Who to see when you hurt?
Updated: May 8
As the resident massage therapist at Unit 7, I primarily do sports massage, but I see a nice variety of people, from tourists who have overdone it on the first day of their golf holiday, to locals with a challenging range of complaints, and plenty of recreational sports people, as well as the occasional professional athlete. It’s engaging, and I enjoy it, even when I get asked questions which I don’t know the answer to, which is pretty often.
Being of a curious mind I endeavoured to find some answers by undertaking a degree in strength and conditioning. Even after graduating, I still get asked questions that I can’t answer because folk are really good at asking tricky questions. But one thing I have learned - that nobody really knows for certain what cramp is or what causes it….
One area of query I have become relatively good at answering is on the difference between various healthcare practitioners. (A lady once confidently told me she had seen a chiropath. I then learned that osteopractor is apparently a thing).
A surprising number of people are unclear about the difference between what a sports massage therapist can do and what a physio can do – the difference being a degree and several years of training. A physio can use a thorough history, a variety of tests, and clinical reasoning to diagnose musculoskeletal complaints and then agree the best course of treatment with you.
Massage is mostly about muscles and connective tissue and a good massage therapist should recommend physio (or GP or similar) if they feel your issue is beyond their scope of practice. There is crossover between different types of practitioner, I myself have been on various courses to improve my skills, and have learned alongside physios, osteopaths, chiropractors, and even pain specialist nurses.
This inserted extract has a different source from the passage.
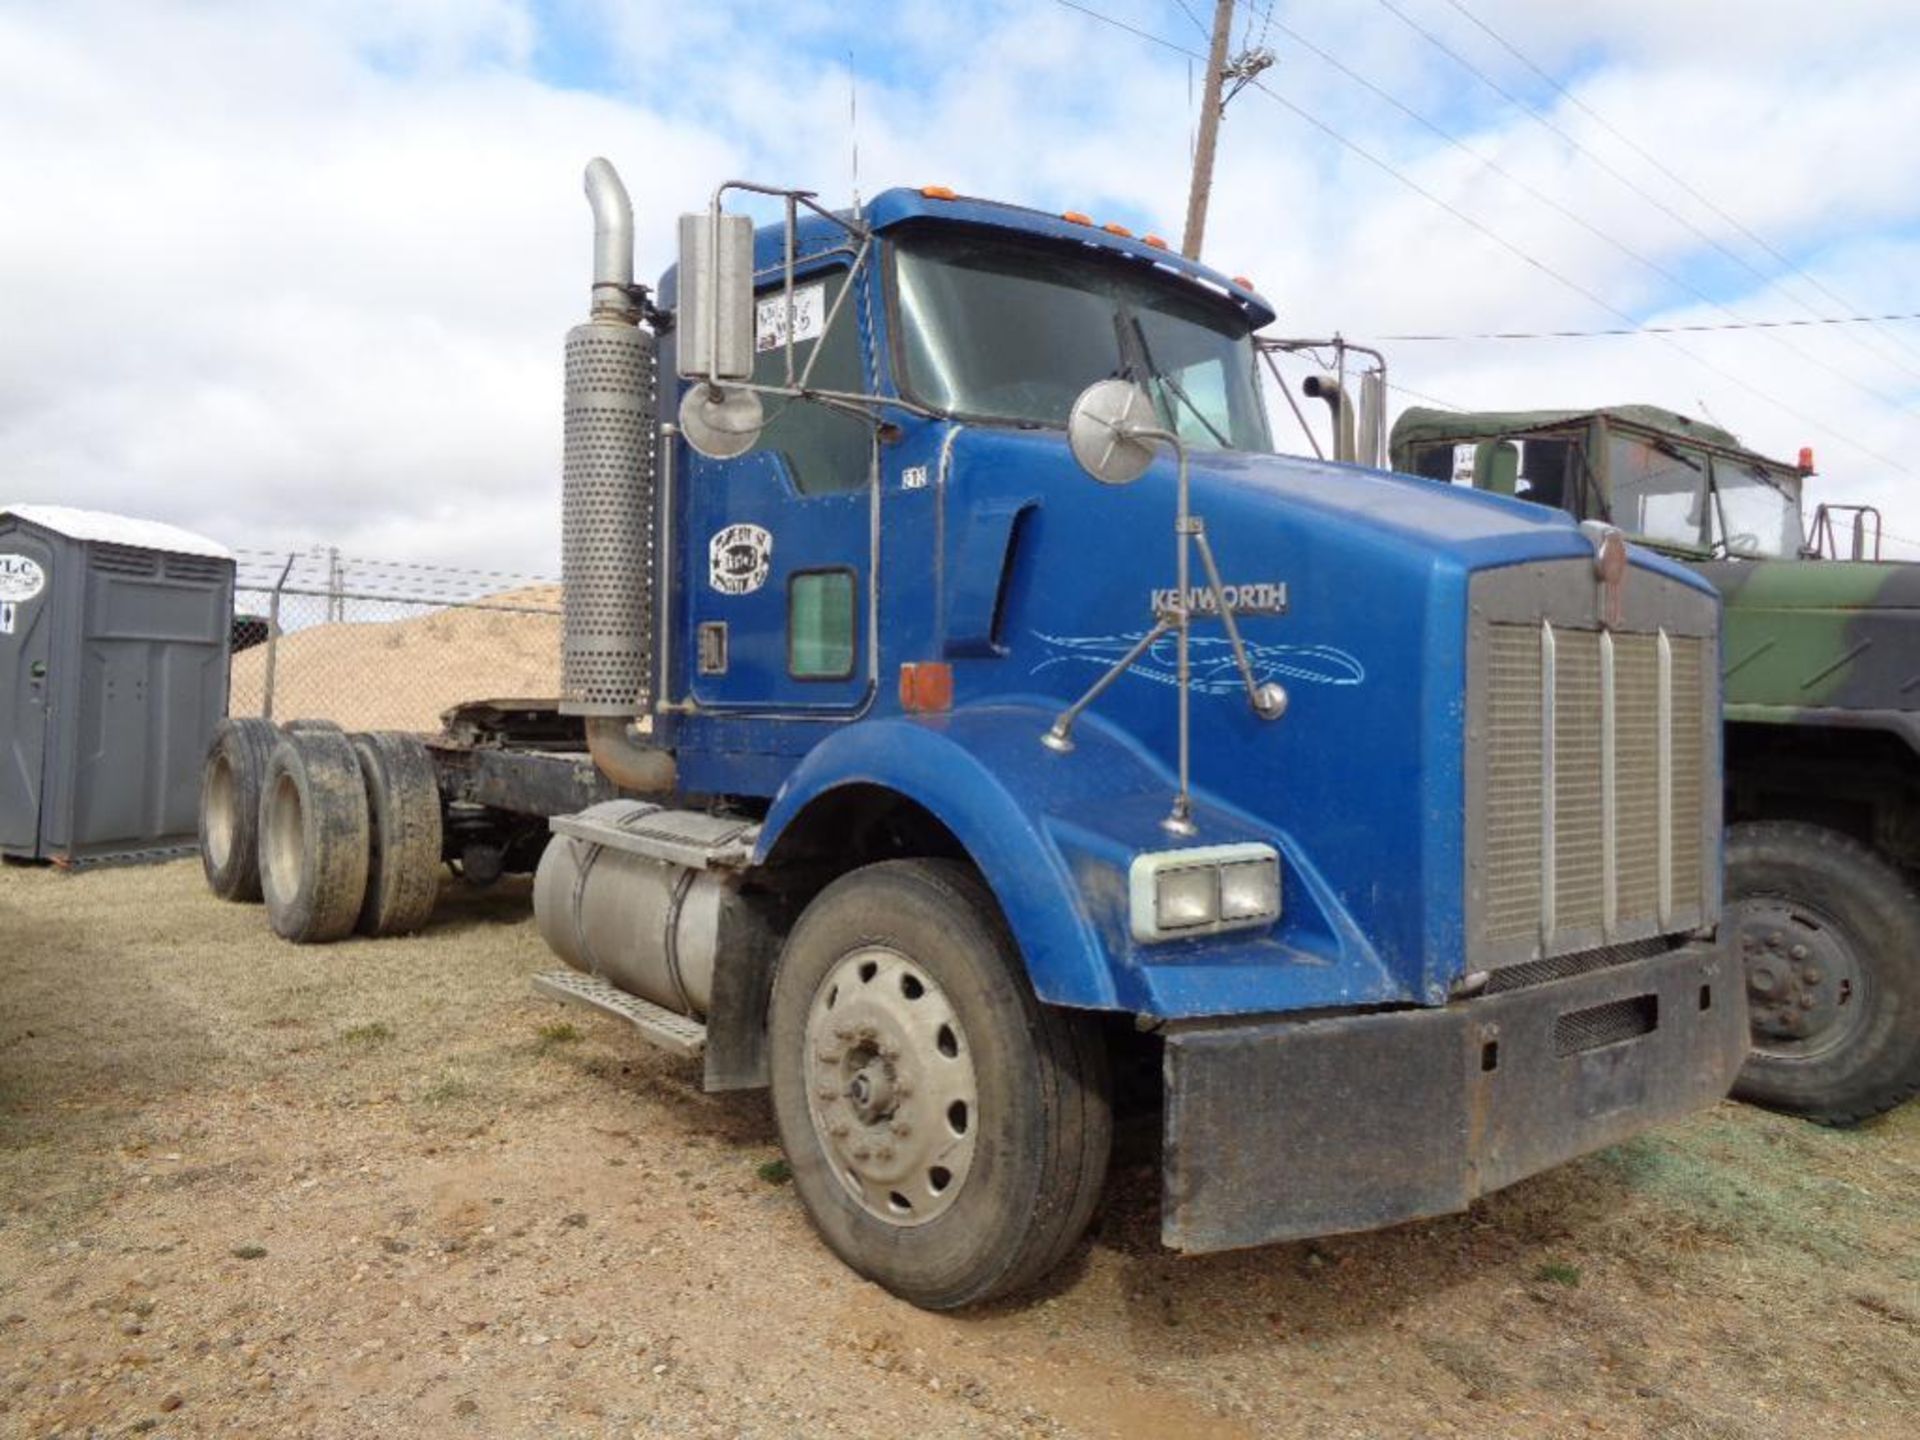 1999 Kenworth T800 t/a Truck Tractor s/n 1xkdd09x3xr816250, Daycab,cummins eng,10 spd,od reads - Image 2 of 5

Even within a profession, a practitioner will develop their own interests and base their practice around it, so you can see three different doctors, or osteos, or physios and get three different solutions to your complaint. My own particular interests have evolved into the area of strength training. And pain. I’m interested in how pain works and how it affects people and of course what can be done about it. But more on that in the future.
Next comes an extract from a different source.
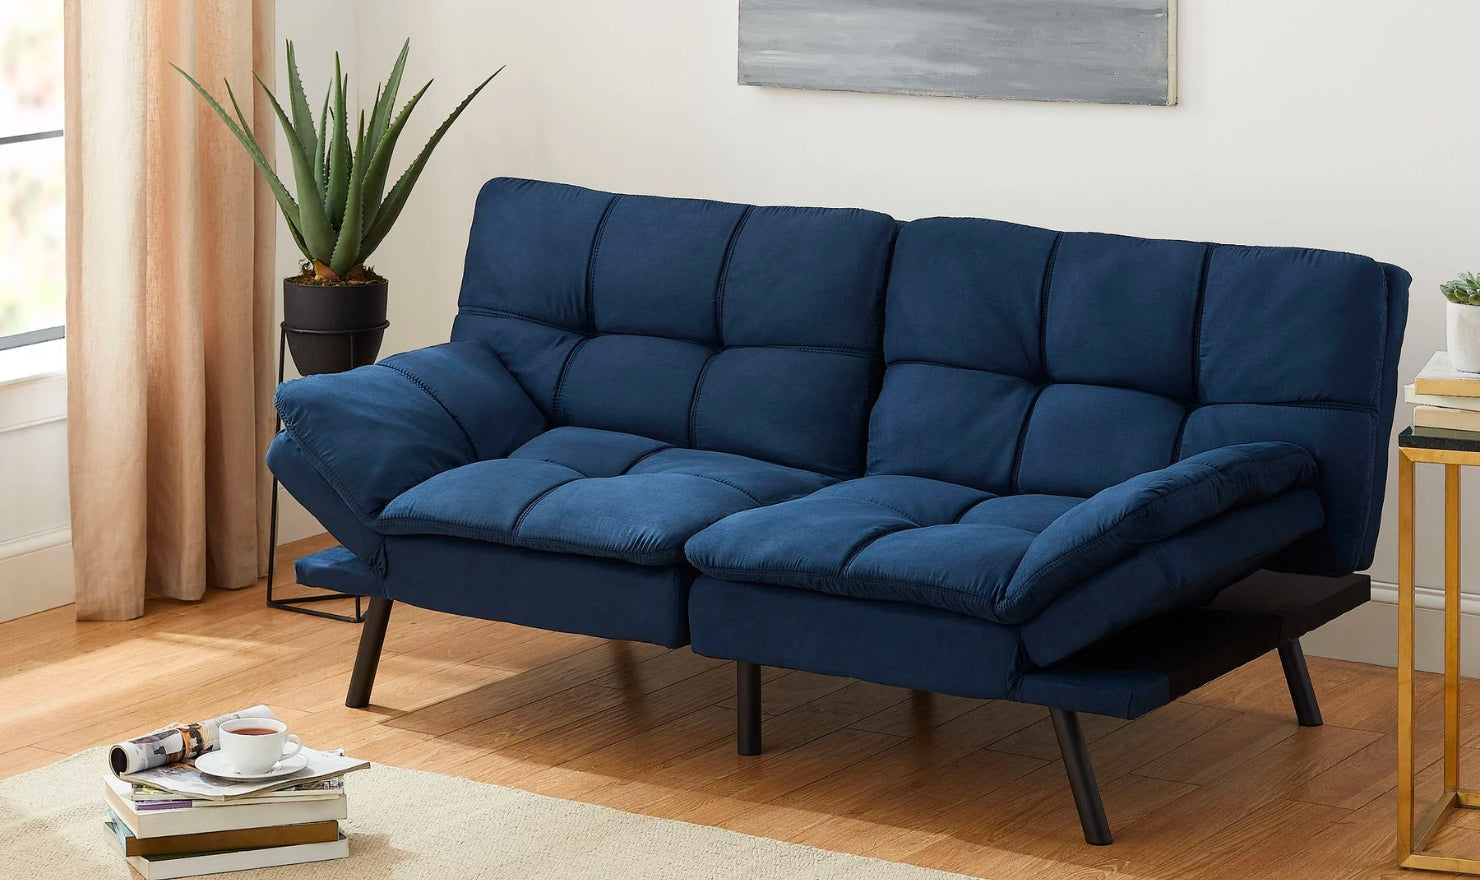 Sofa Beds Vs Futons - Do you have space constraints

So how do you decide whether you need to see a massage therapist, physio, Bowen practitioner, osteopath, chiropractor, personal trainer, or any other type of therapist? There are so many adverts out there, so much conflicting information on the internet, and so made claims and promises of "one simple trick", it's mind blowing and can lead to a feeling of helplessness as well as confusion. The answer? It largely depends on what you wish to get out of the treatment.
As a rule of thumb, massage is great for soft tissue aches, pains and stresses. If you want to give yourself a bit of well deserved attention it's perfect. If you're sporty, active, or do a physically demanding job, a regular massage can be beneficial not just for chilling out and getting loose but also in drawing attention to any potentially developing niggles, allowing them to be addressed early.
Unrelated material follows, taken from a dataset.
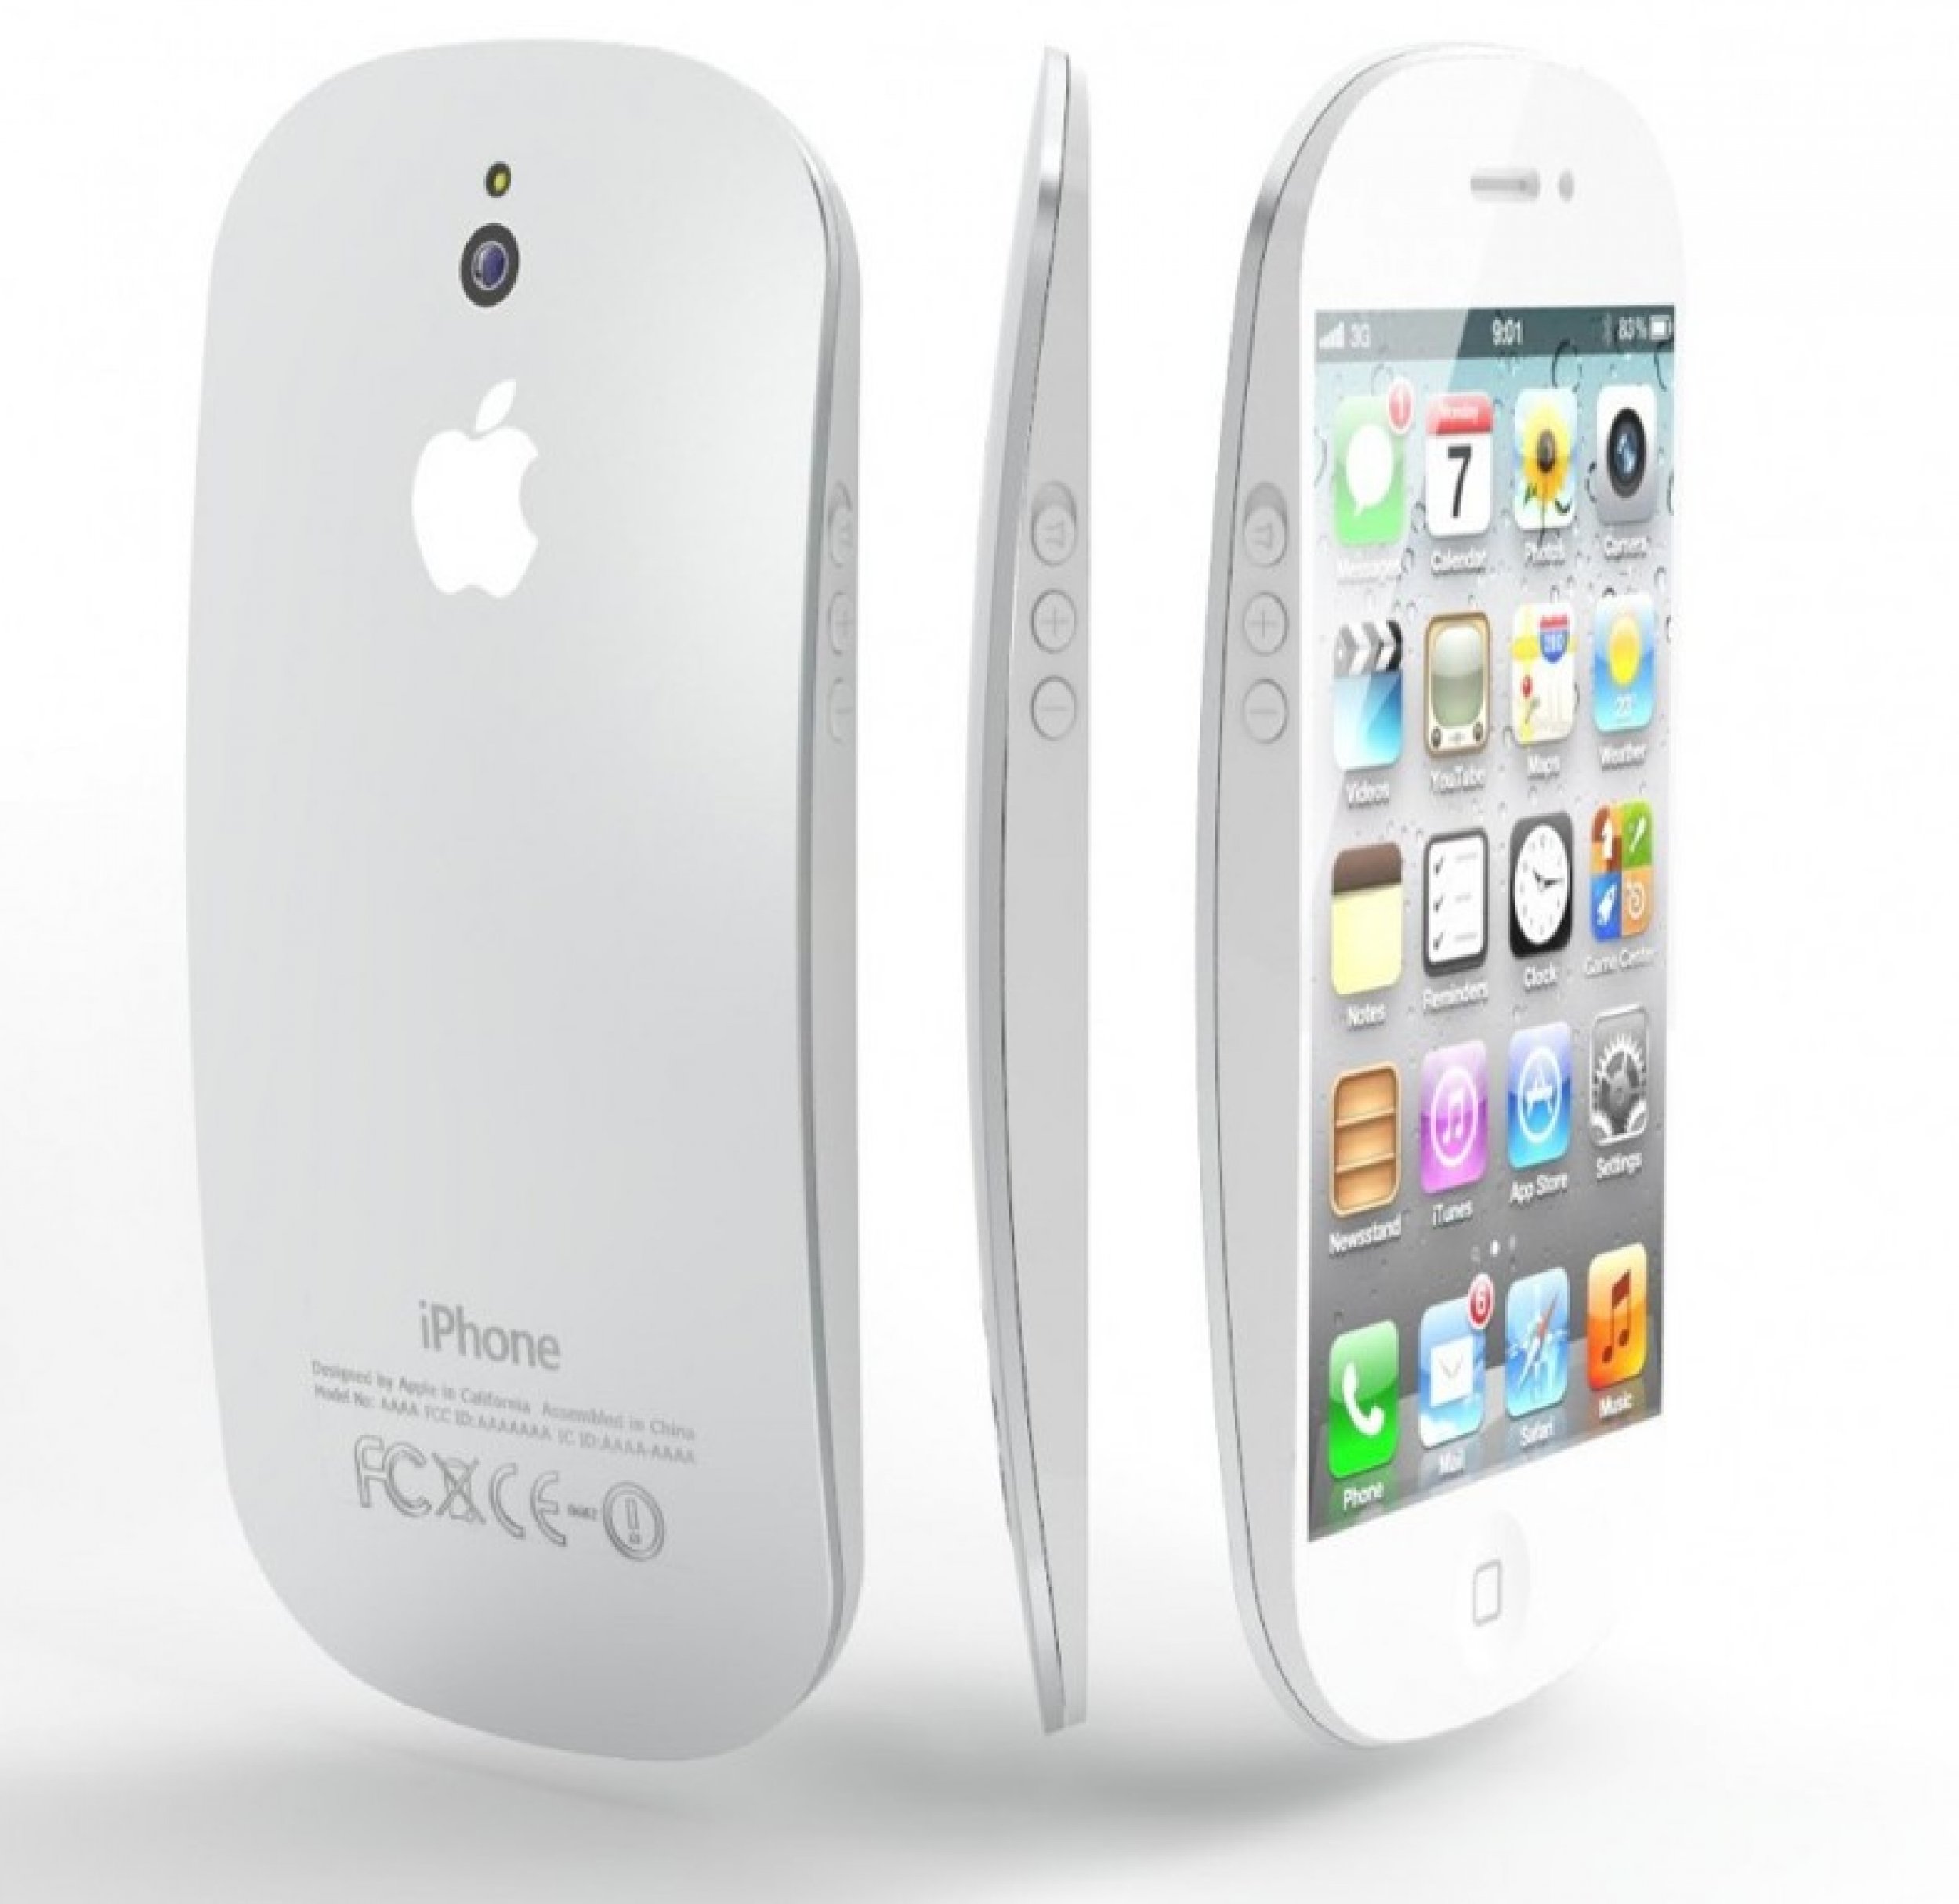 iPhone 5 Concept - Design by Federico Ciccarese

However, if you have a new musculoskeletal problem, especially one which has no obvious cause, then you should probably see a physiotherapist. It is beyond the scope of this article to differentiate between osteopathy, chiropractic, or any combination of the two, or to discuss the waiting times for NHS physio. I would suggest doing your homework, if you have a complaint you think could be helped by a private practitioner of any profession, research them and ask them questions. If you're happy with the answers then go ahead and book. This advice rings true for massage too by the way, find a therapist that is a good fit.
Recommendations from friends and family are useful, if they trust a professional then that's a start. Just bear in mind that just because your mate got a good result with his Achilles tendinopathy, it doesn't guarantee that you'll get the same with your 25 year history of back pain. We practitioners really appreciate word of mouth recommendations but it does put the pressure on us.
All good health-related professions have governing bodies with websites you can visit. There is a lot of conflict about evidence of efficacy amongst different treatments, and whilst I love my science and I like to know how things work, I accept that a lot of the time we just don’t know, and it’s ok to admit it. If you feel a treatment benefits you and you have a positive relationship with the provider, then it’s a good thing. If you feel you’re not getting anywhere, then try something else. There is, sadly, no one treatment that will work for all people all the time.
Now I am fully flaunting my biases here, but over the years I have come to realise that prevention is preferable to cure. Lifting weights with fully functioning joints and muscles is a lot less painful than doing physio exercises after damaging a tendon because strength or recovery was lacking. I’m not really a subscriber to the “no pain no gain” school of thought. No pain no brain, on the other hand, there might be something in that.